_Brief_: Having located "Colorful succulents are" in the listing below, write out its line and every following line exactly, last line included, without the pictures.

### The data

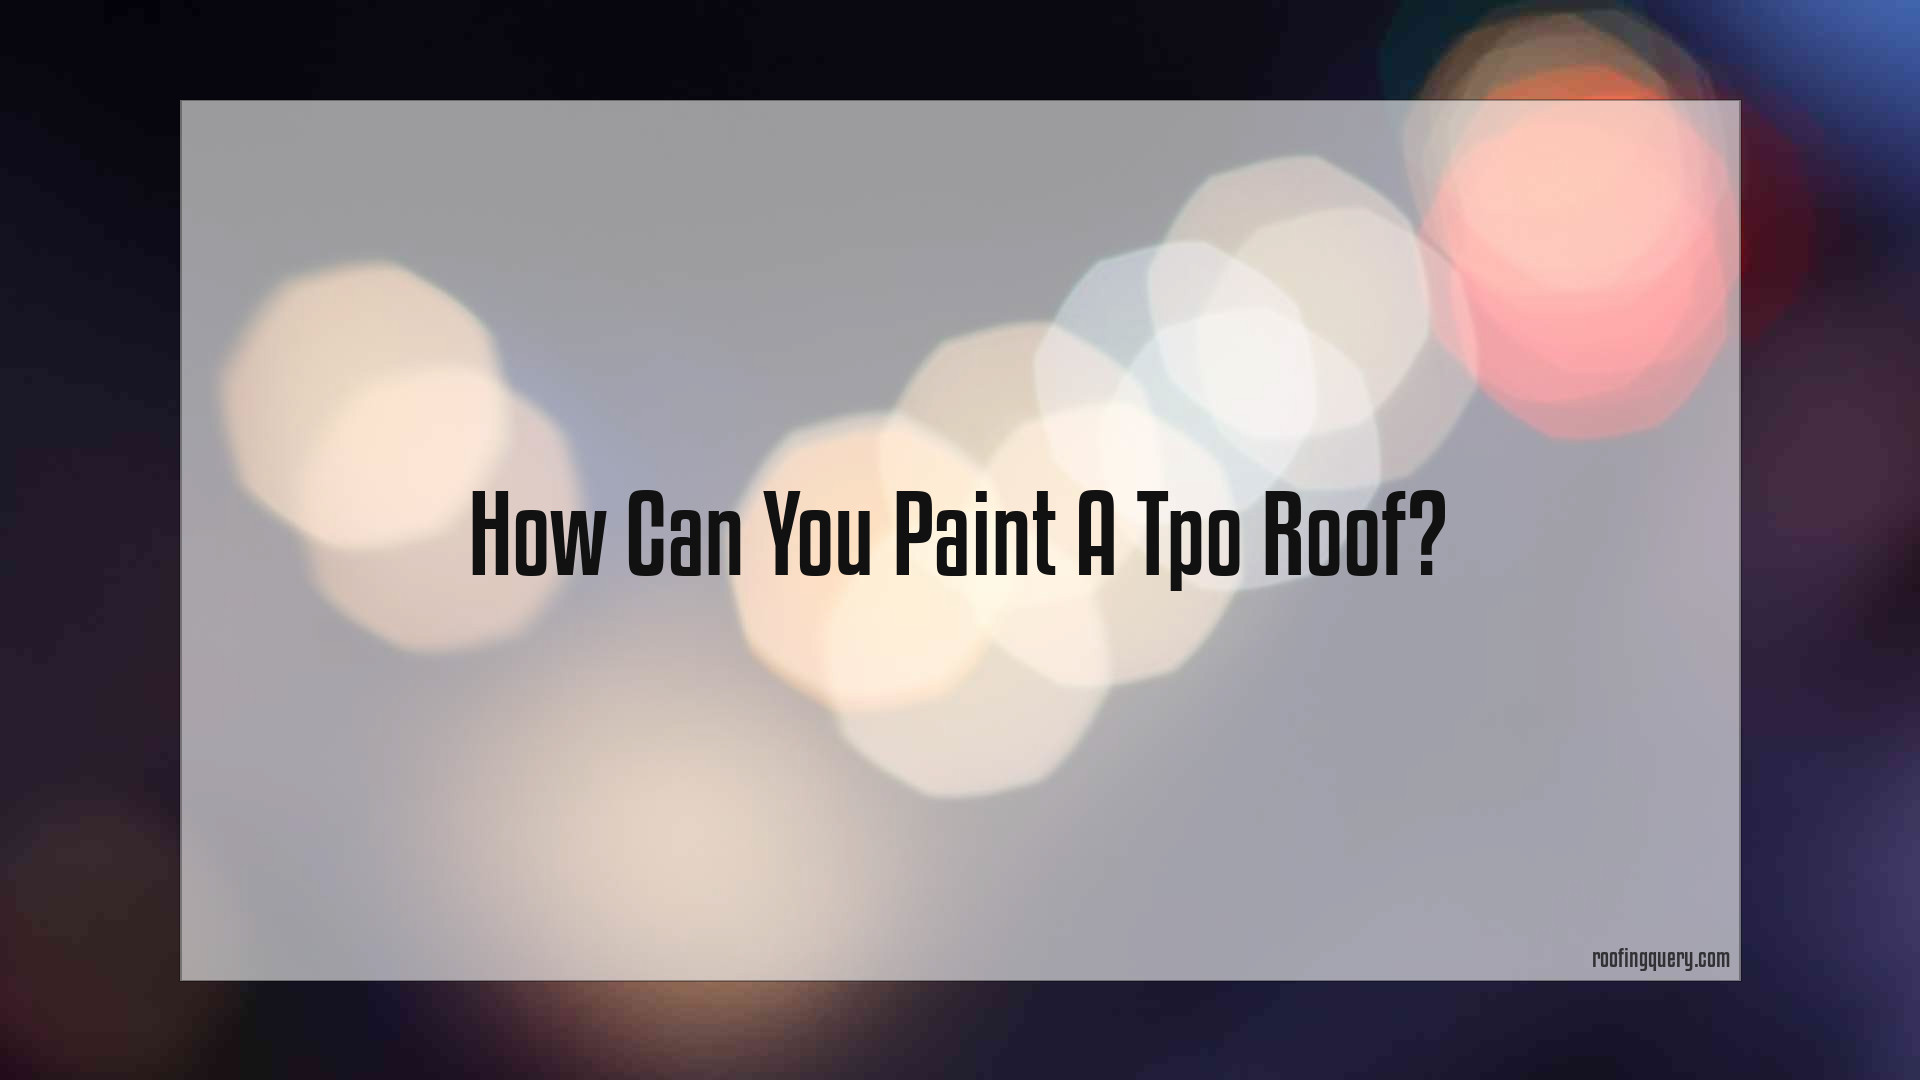 Can You Paint A Tpo Roof
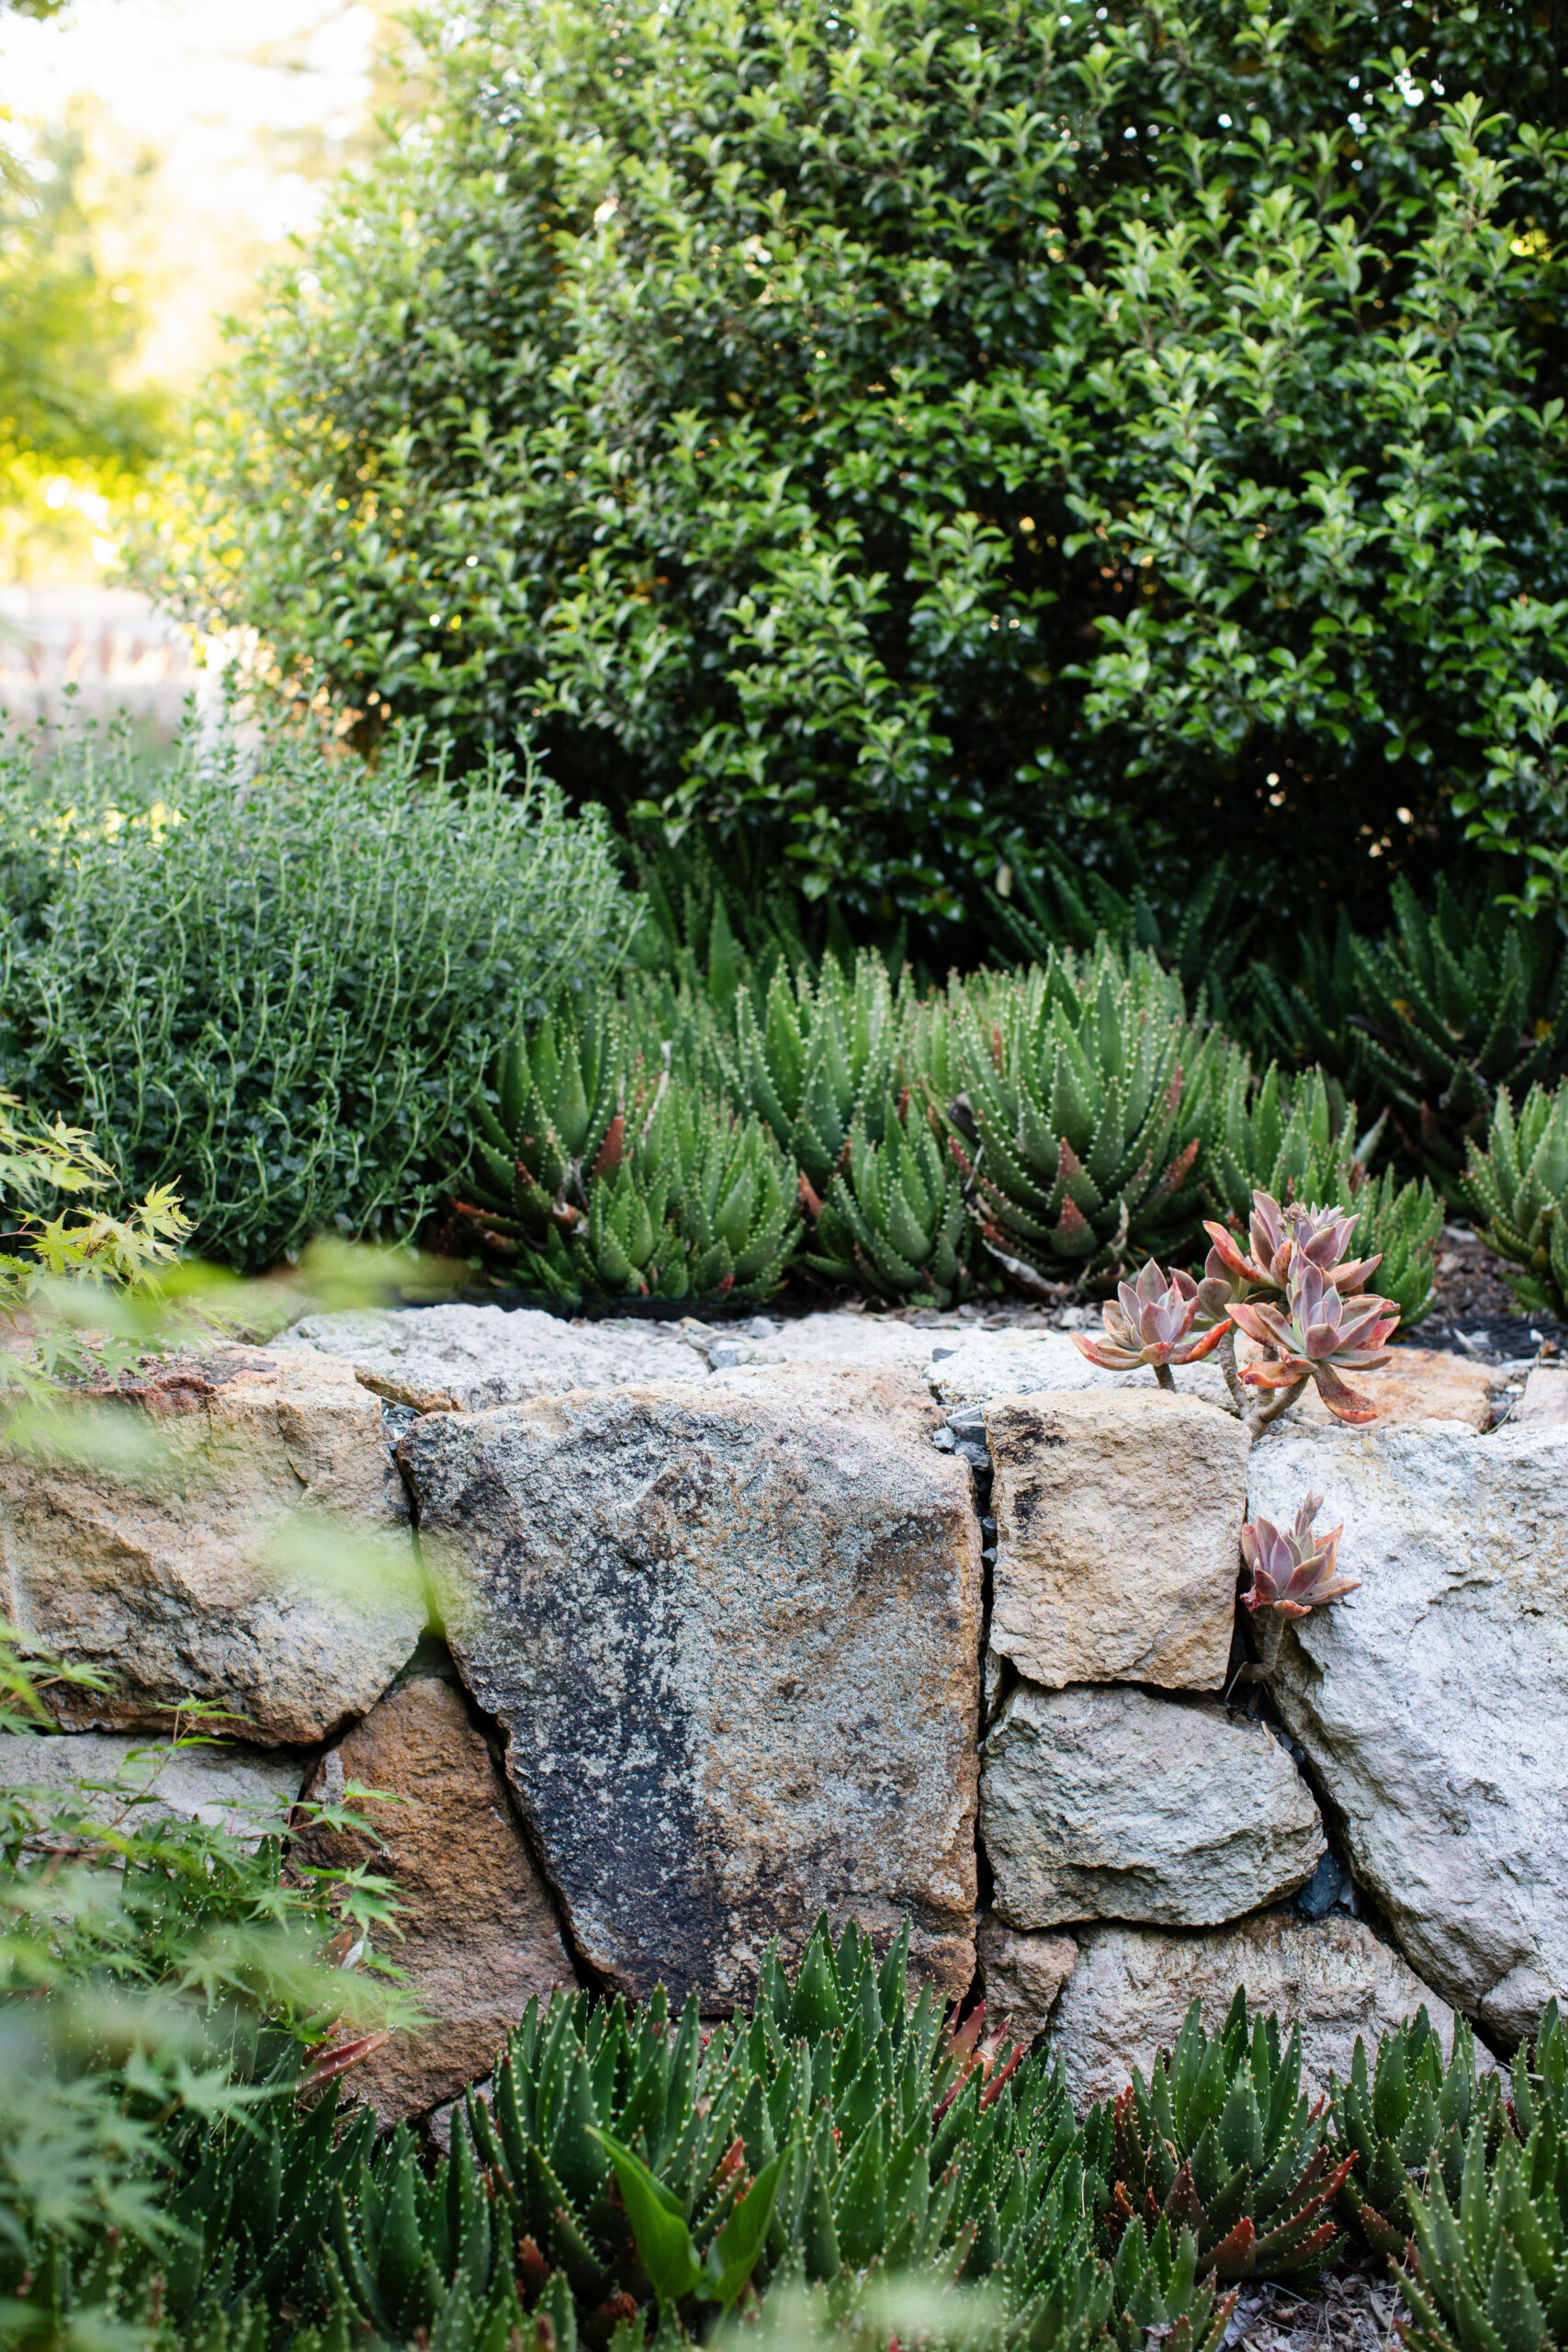 Colorful succulents are interplanted among the stones in the retaining walls. (Eileen Roche)
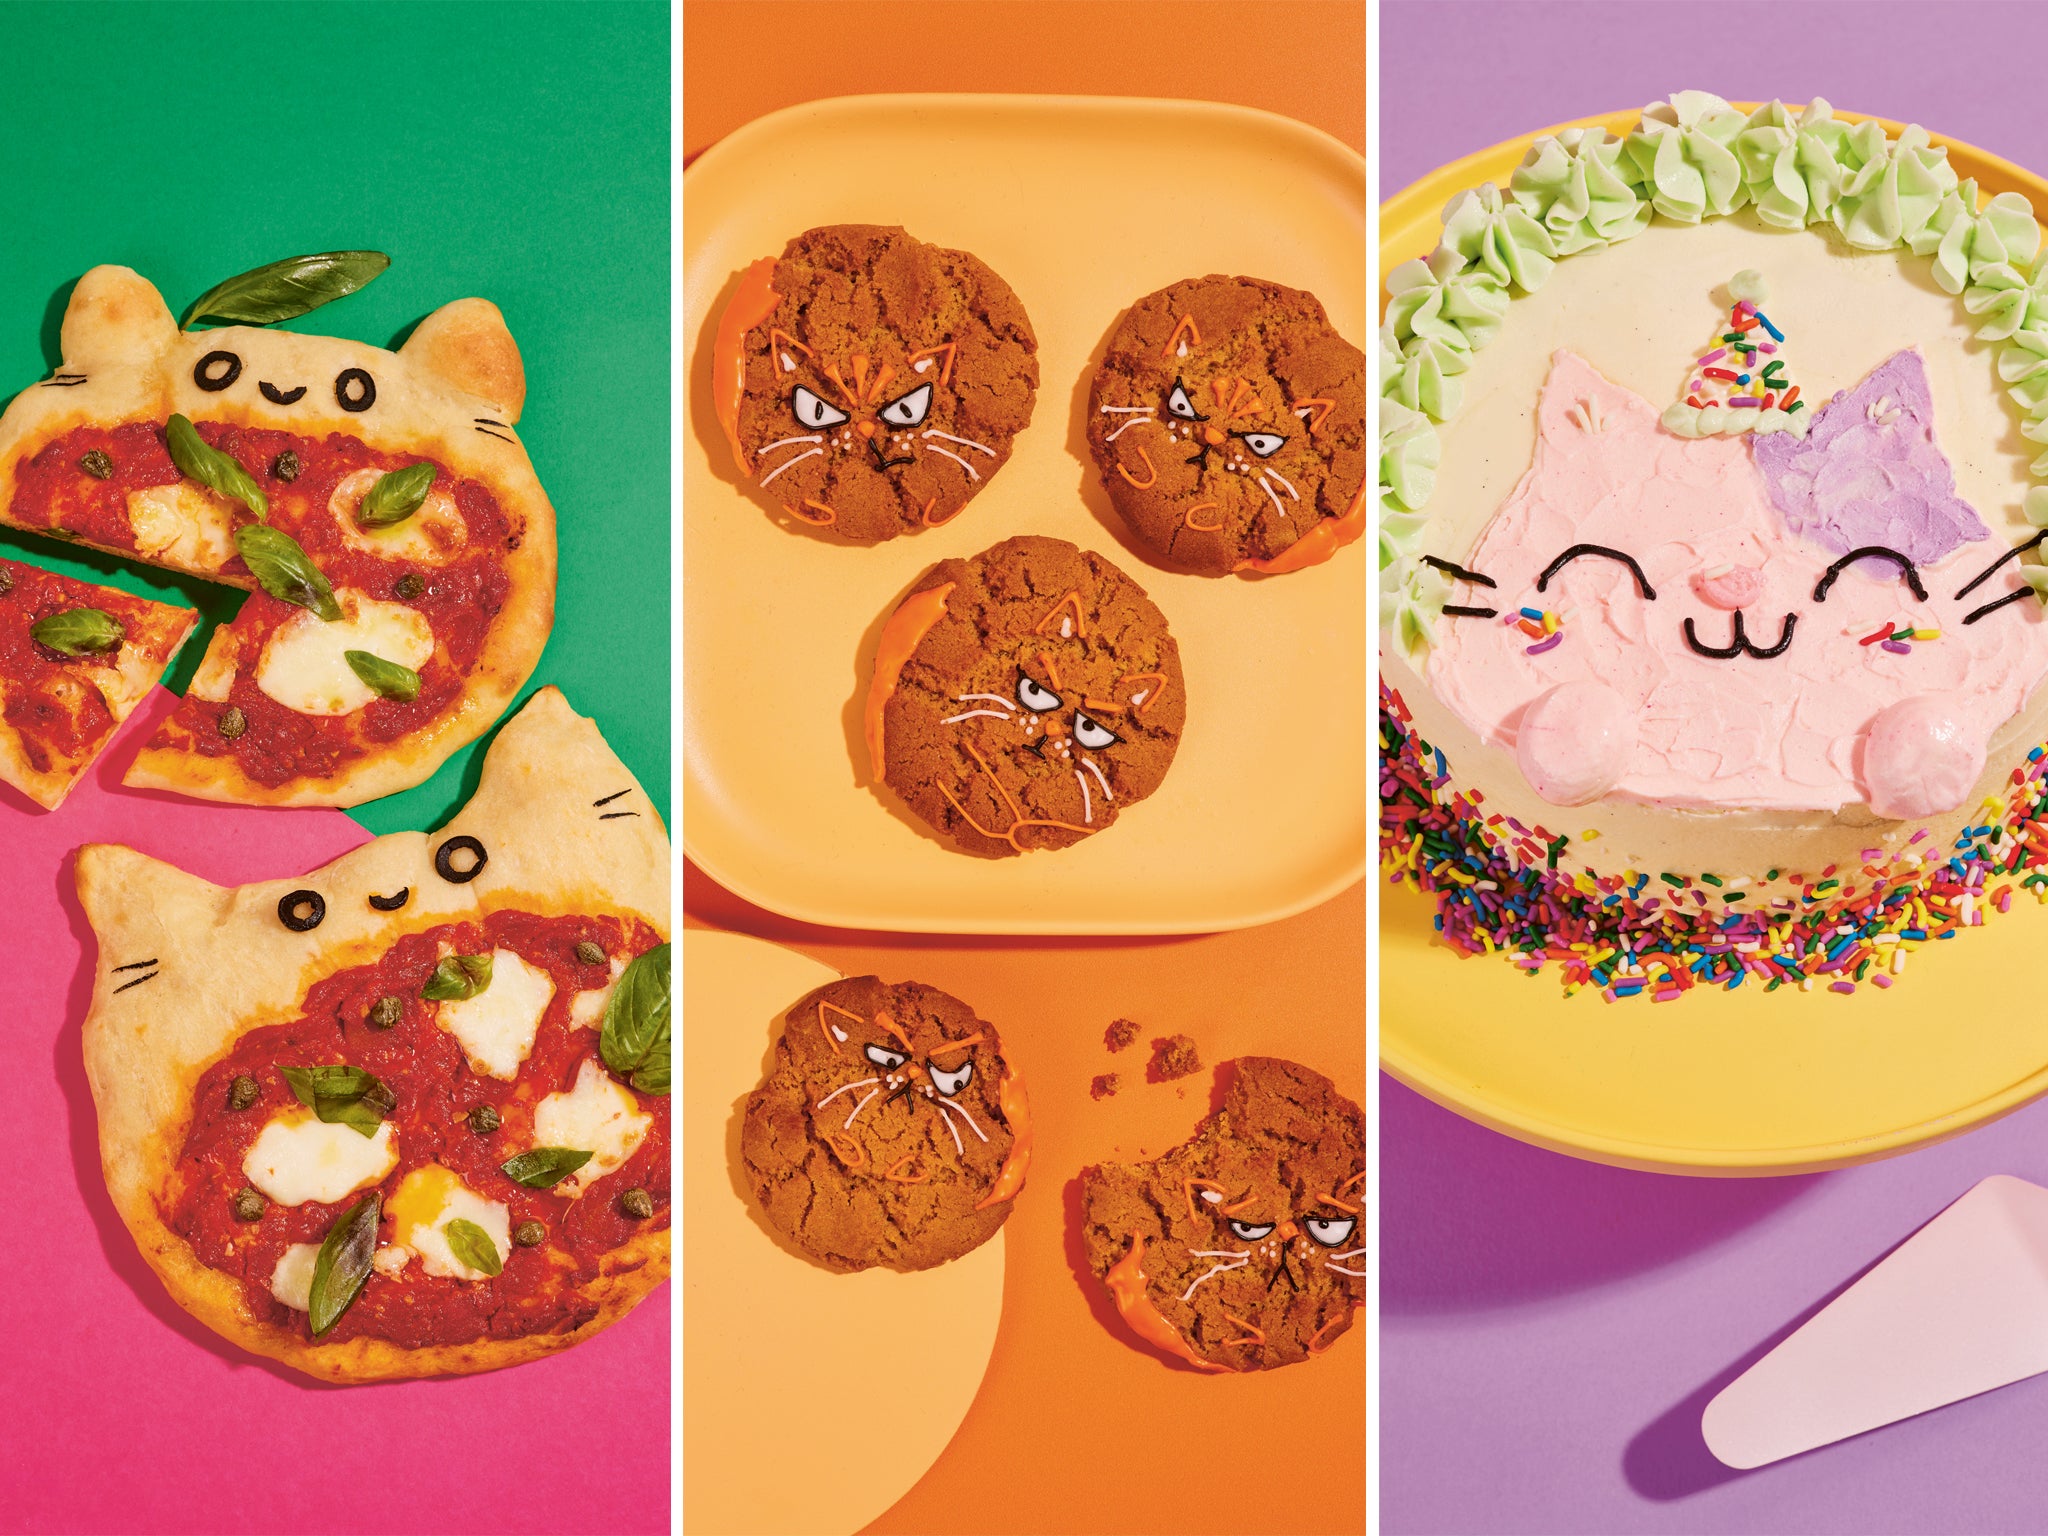 Fat cat pizzas; ginger snap cats; and happy purrthday cake

######

_Answer to this exercise_:
 Colorful succulents are interplanted among the stones in the retaining walls. (Eileen Roche)
 Fat cat pizzas; ginger snap cats; and happy purrthday cake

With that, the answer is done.